I don’t completely agree. My degree is in computer science and during a 37 year career i wrote exactly zero compilers or operating systems. But that wasn’t the worth of college. A good part of the worth is in teaching you - forcing you - to think.

37 years ago we could not give grade school kids tablets more powerful than the IBM 3033 mainframe that cost $3,000,000 in 1980.

37 years ago there were not 67,000 free public domain works in Project Gutenberg. PG only had 2000 works by 2001.
 
37 years ago we could not give grade school kids tablets more powerful than the IBM 3033 mainframe that cost $3,000,000 in 1980.

37 years ago there were not 67,000 free public domain works in Project Gutenberg. PG only had 2000 works by 2001.
Absolutely correct and technology puts a vast amount of knowledge at your fingertips but that’s only part of the equation. Correlating information in a coherent picture and drawing inferences from it is something machines really can’t teach you to do.
 
An 8th grade education doesn’t prepare anyone for anything. HS isn’t a whole lot better. And I’m not saying college is for everyone. It isn’t. Education IS for everyone - even if your education consists entirely of reading.
Actually there are plenty of jobs in which all one needs is basic reading/writing/arithmetic skills and a few days or weeks training in order to do. There's many people here who argue that we need many of the people who are showing up at the border to come here to work. Most of those people at best have 8th grade education, no marketable skills and don't even speak English. I do agree that HS does not provide any practical skills or knowledge unless it's a Vo-tech.
 
Correlating information in a coherent picture and drawing inferences from it is something machines really can’t teach you to do.

That is what

The Tyranny of Words by Stuart Chase

does.

Specify some books that provide a coherent picture. It is not like the nuns I had to put up with in grade school did that.
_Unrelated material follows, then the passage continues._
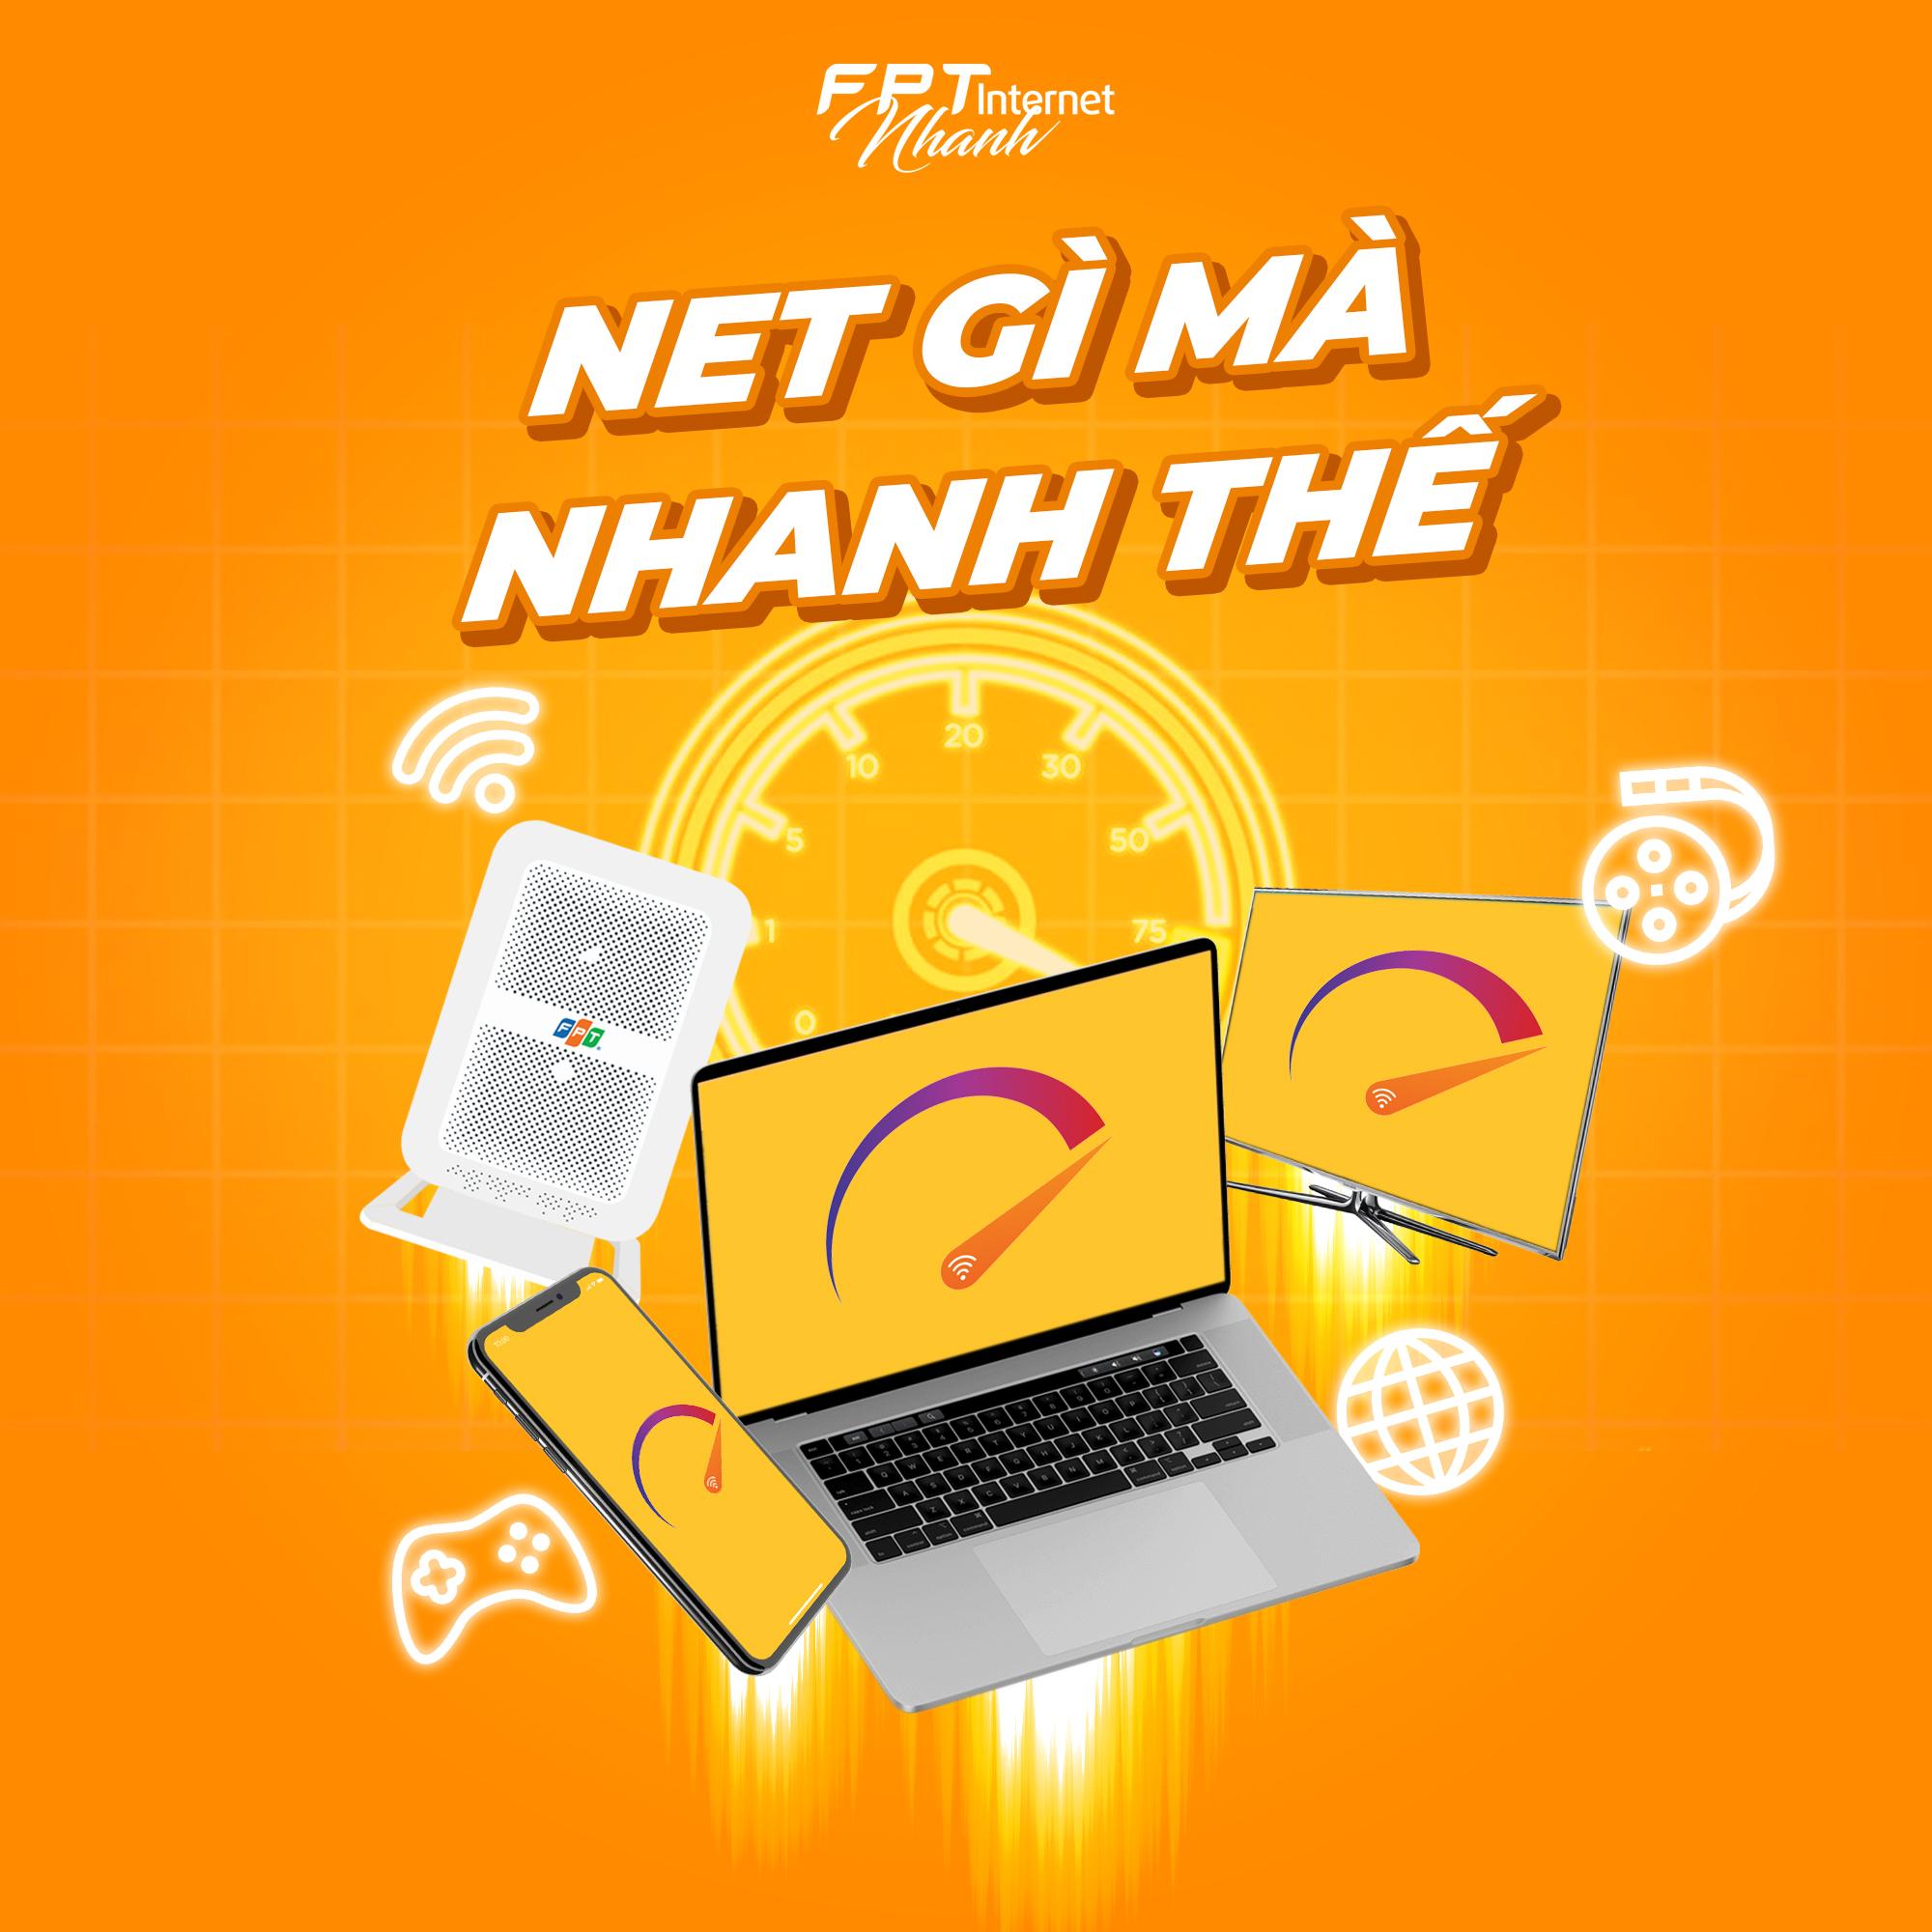 Khuyến mãi lắp mạng FPT Phú thọ tháng 4 - 2021

Daemon & Freedom by Daniel Suarez

Since The Tyranny of Words was published in 1938 it provides no perspective on a cybernetic society. Daemon is much more up to date.
 
That is what

The Tyranny of Words by Stuart Chase

does.

Specify some books that provide a coherent picture. It is not like the nuns I had to put up with in grade school did that.

Daemon & Freedom by Daniel Suarez

Since The Tyranny of Words was published in 1938 it provides no perspective on a cybernetic society. Daemon is much more up to date.
I might be misunderstanding you (and I haven’t read either book but I will) but my point isn’t that you take the information, analyze it yourself and come to come conclusion - not that you adopt someone else’s conclusion.
 
I might be misunderstanding you (and I haven’t read either book but I will) but my point isn’t that you take the information, analyze it yourself and come to come conclusion - not that you adopt someone else’s conclusion.

We live in a world of bullshit. The majority of books are mediocre to crap. You take your chances and make your judgement.